Il semble qu'en fin de compte les 23 bleus de la dernière coupe du monde ne toucheront aucune prime, en renonçant à leurs droits à l'image tant pour la compétition en elle-même que pour les matchs de qualification. C'est tout à fait normal, pour deux raisons. D'abord d'un point de vue moral, vu qu'ils n'ont pas à être généreusement récompensés pour une prestation dans laquelle ils ont été pire que mauvais. Ensuite d'un point de vue économique : les droits à l'image sont la rémunération obtenue par les athlètes pour que les sponsors puissent se servir de leur image pour valoriser leur marque. En l'occurrence, l'image qu'ils ont donné a été si mauvaise qu'elle a pu dévaloriser celle des sponsors. Ceux-ci ont demandé réparation à la Fédération Française de Football, et ont obtenu des remboursements. Il était dès lors normal que la fédération ne souhaite pas verser quand même de l'argent qu'elle n'a plus à sa disposition.

L'équipe de France aurait quand même pu se passer de ses ultimes tergiversations. Lorsque Patrice Evra a annoncé qu'ils renonçaient à tout, cela n'aurait pas du aller plus loin. Le scandale n'était même pas qu'ils aient produit une mauvaise performance pendant les matchs. A l'instar de tous les sportifs, ou même de tous ceux qui font quelque chose, il arrive que cela ne fonctionne pas. Il est néanmoins préférable de mettre le maximum de chances de son côté, de travailler pour la réussite. Le terrain était déjà propice à la polémique, puisque le public avait le sentiment que ce n'était pas le cas, en maintenant un sélectionneur qui avait gravement échoué pendant l'Euro précédent, et avait obtenu la qualification de son équipe dans des conditions particulièrement douteuses.

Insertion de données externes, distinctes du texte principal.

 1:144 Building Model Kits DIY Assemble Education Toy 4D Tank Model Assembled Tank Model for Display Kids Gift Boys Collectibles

Mais le psychodrame de Knysna était une pure folie. D'abord, les insultes proférées par un joueur envers l'autorité (en l'occurrence Raymond Domenech) n'ont pas été immédiatement sanctionnées. L'exemple est particulièrement terrible. Ensuite, la "grève" des autres joueurs dans le bus a été encore pire. En refusant de s'entraîner, ils ont définitivement montré qu'ils se moquaient de leurs performances, qu'ils n'avaient pas envie de se donner à fond. Et tout cela pour soutenir l'arrogance de leur camarade...

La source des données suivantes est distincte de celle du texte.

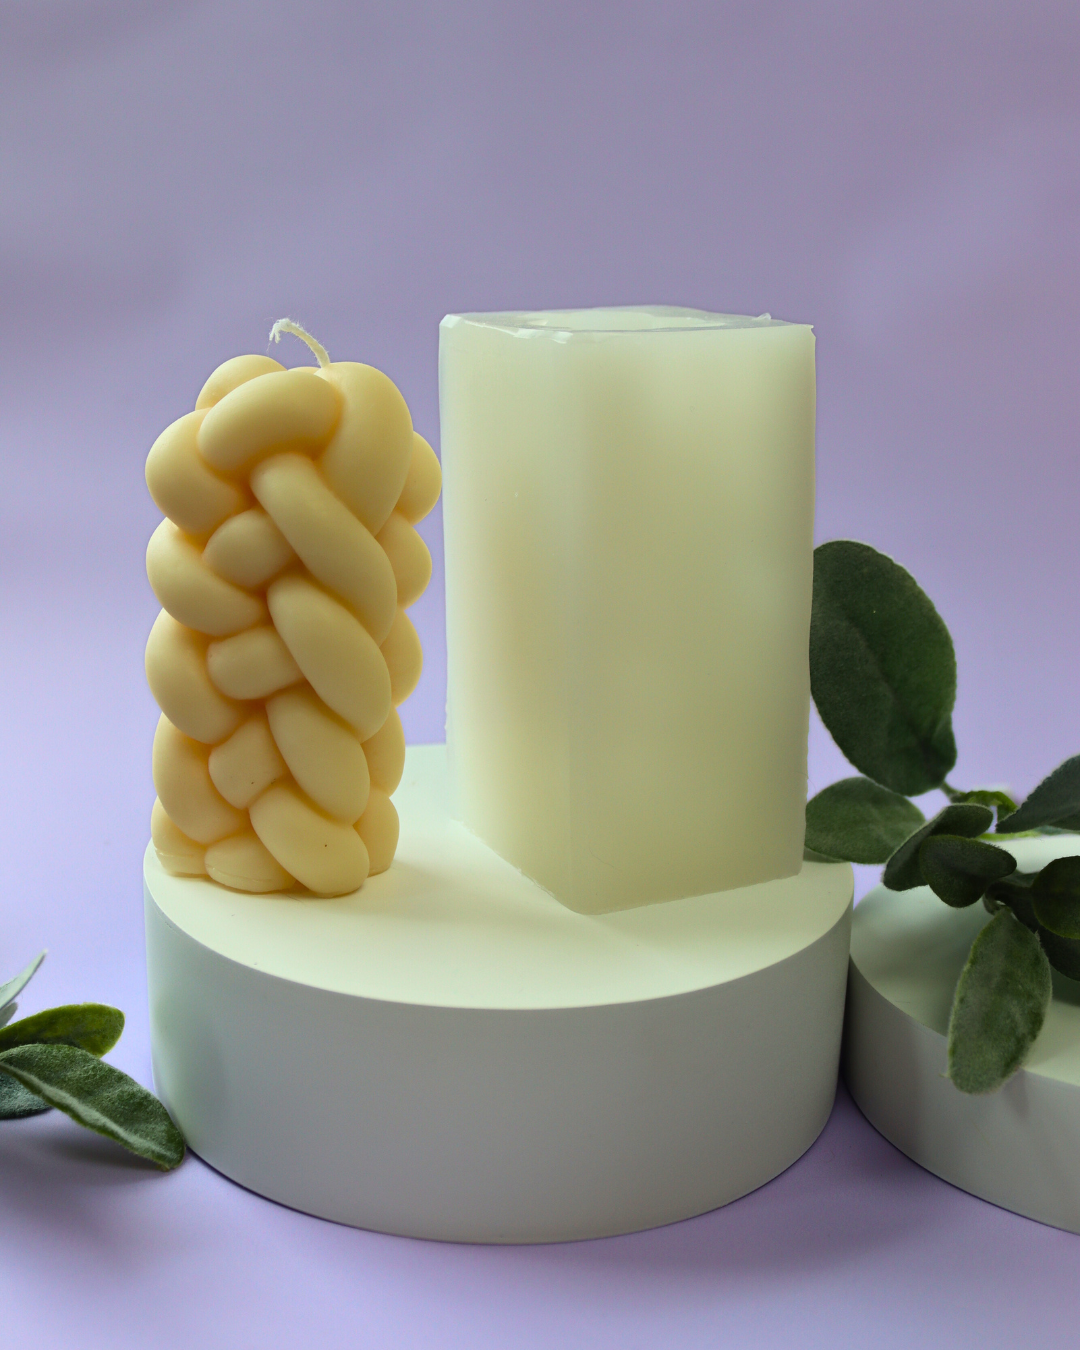 NEW Festive Braided Pillar Candle (Makes 1 Candle)

Cela a symbolisé d'une manière plus globale le sentiment de la part du public que le football, leur sport préféré, perd le sens des réalités et des exigences minimales. Les sommes d'argent dont il est question posent particulièrement problème. Les footballeurs sont extrêmement bien payés. Qu'elle en est la logique ? Normalement, cela se justifie car les footballeurs sont peu nombreux à faire tourner une industrie qui rapporte des dizaines de millions d'euros à chaque club. Il est donc logique qu'ils en reçoivent une part importante sous forme de rémunération. Mais en fin de compte, ce n'est pas vraiment le cas. Les salaires se justifient sur l'offre et la demande, où il y a une demande très forte pour quelques super stars seulement, réclamés par les supporters de plusieurs clubs. Les salaires de ceux-là explosent, sans que cela soit compensé par des revenus supplémentaires équivalents pour le club. Résultat, ils sont nombreux à être en déficits et à avoir toutes les peines du monde à équilibrer leurs comptes.

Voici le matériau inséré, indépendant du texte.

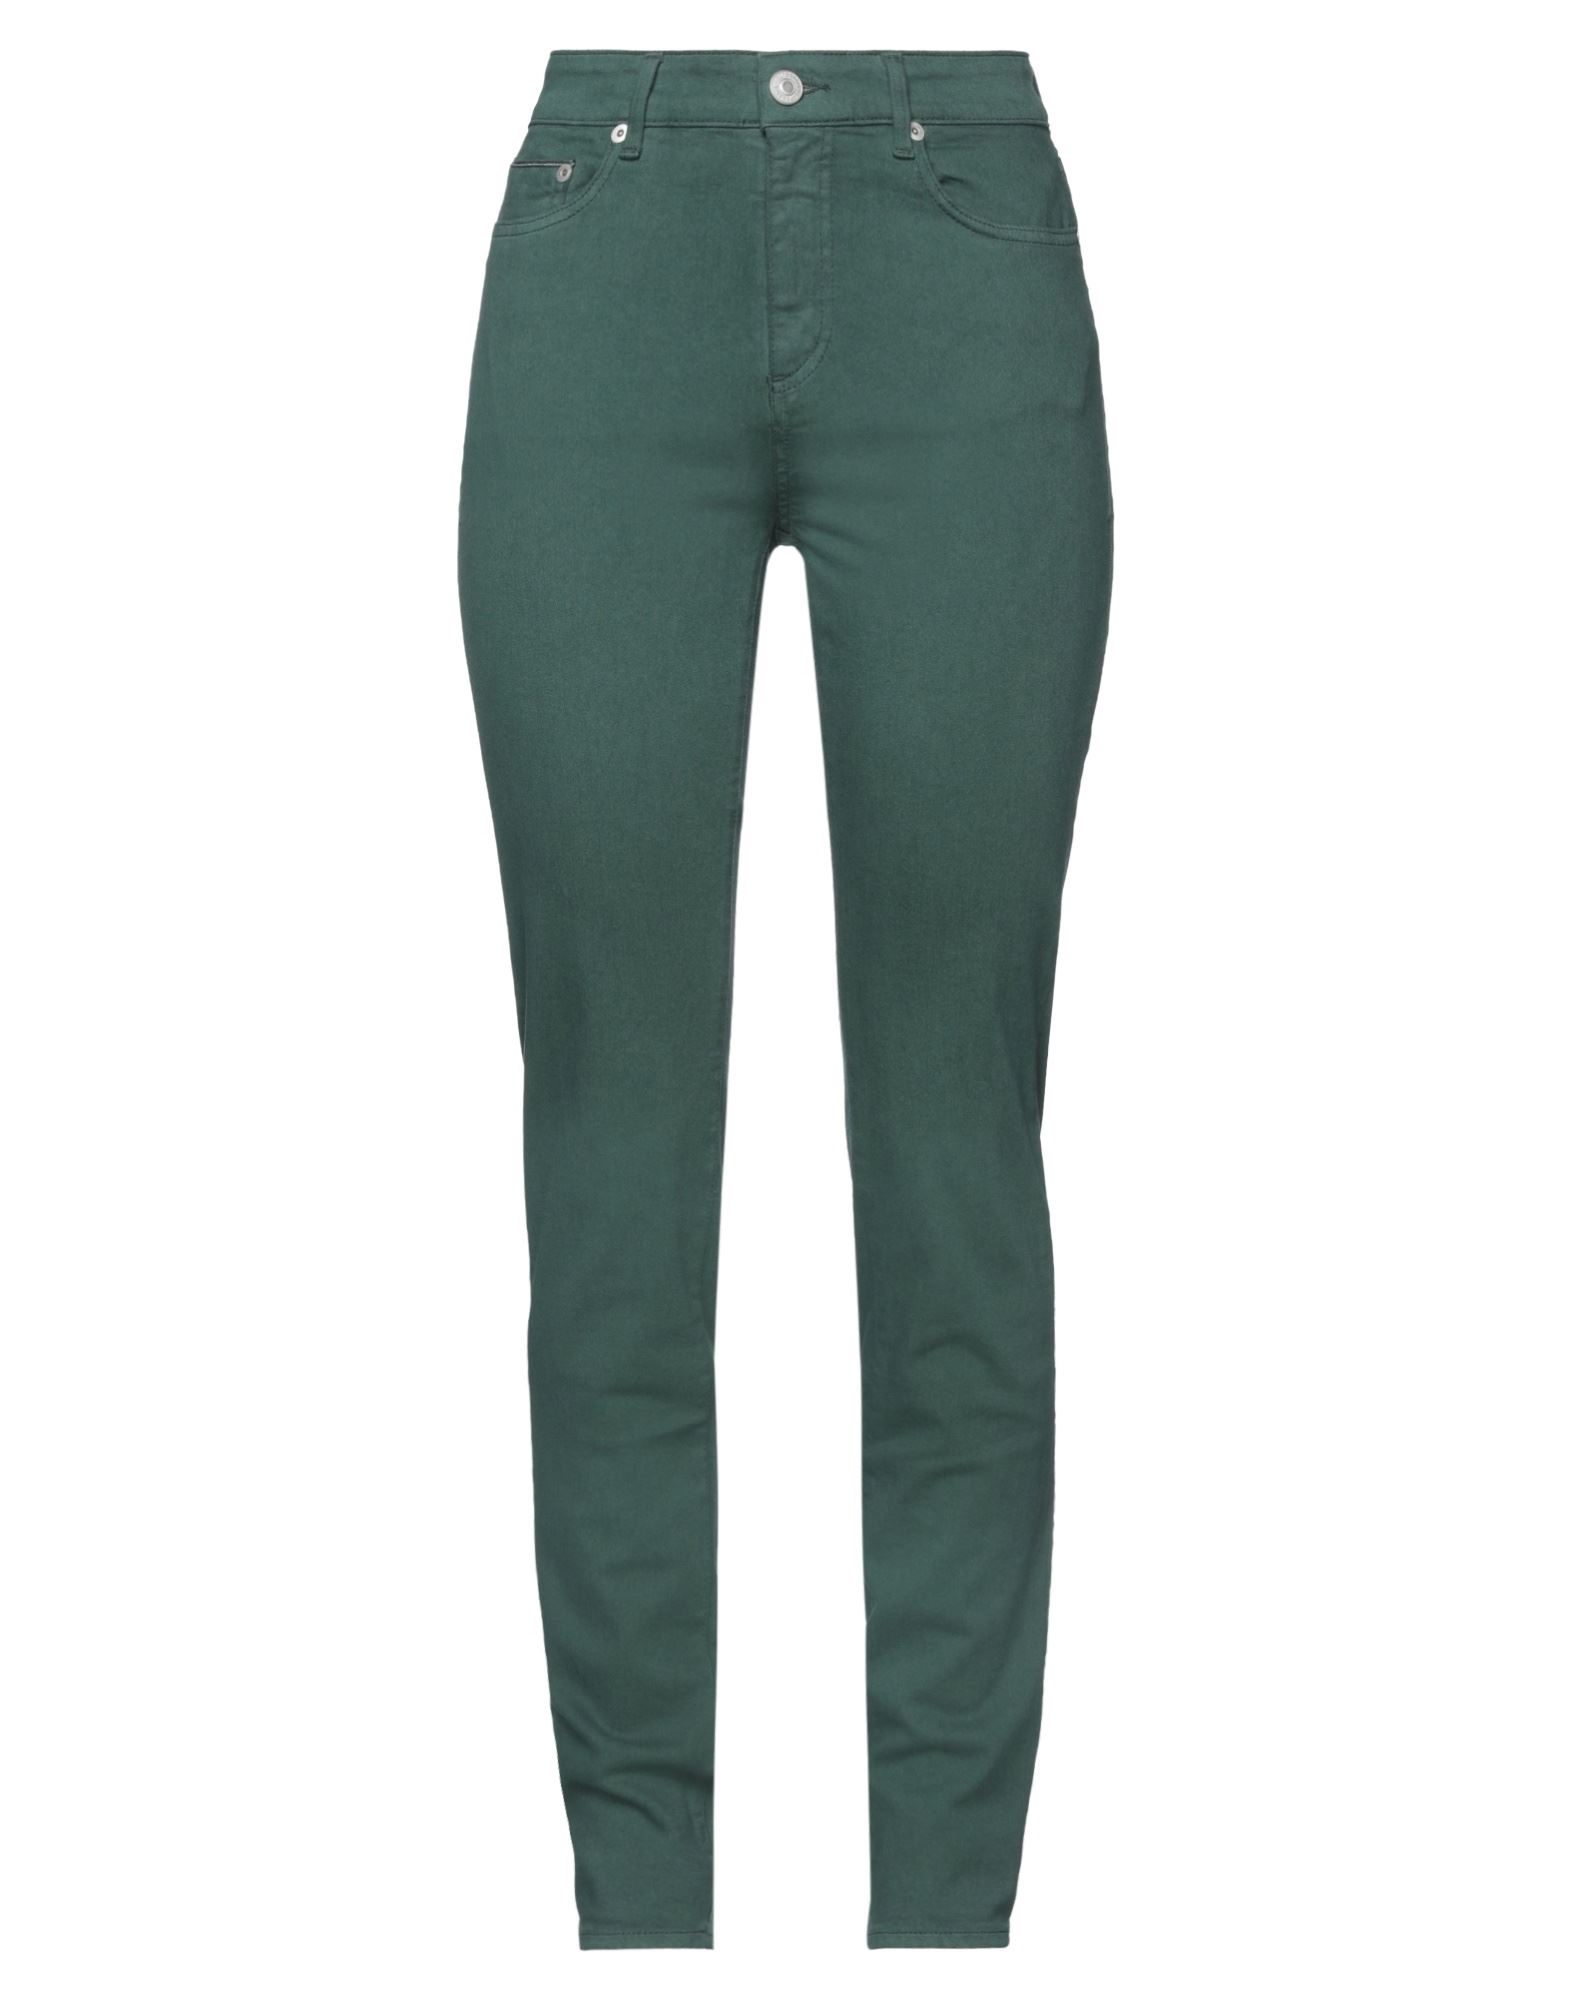 Care Label Jeans In Green | ModeSens

En France, le système est arrivé à une voie de garage : tous les clubs ont comme modèle économique de prospérer sur les transferts. Il consiste à former ou développer la valeur économique de joueurs pour pouvoir les revendre à des clubs étrangers (riches théoriquement, mais déficitaires eux-aussi) à bon prix. En conséquence, ils n'ambitionnent plus sérieusement de remporter les compétitions européennes. Les grands clubs européens, eux, sont dans une fuite en avant, en étant soutenus financièrement par des personnalités richissimes ou bien refusant de voir obstinément qu'un jour il faudra payer la facture. Et tout cet argent arrive dans la poche de footballeurs souvent jeunes, voire immatures, et dont certains perdent rapidement le sens des réalités. Il y a de quoi être circonspect. Qu'il y ait de l'argent dans le football n'est pas un problème en soi. Le fait que le modèle économique ne fonctionne pas et que les valeurs sportives soient oubliées en est un. Dans toute l'Europe, il doit y avoir davantage de fair play, non seulement sportif, mais aussi financier.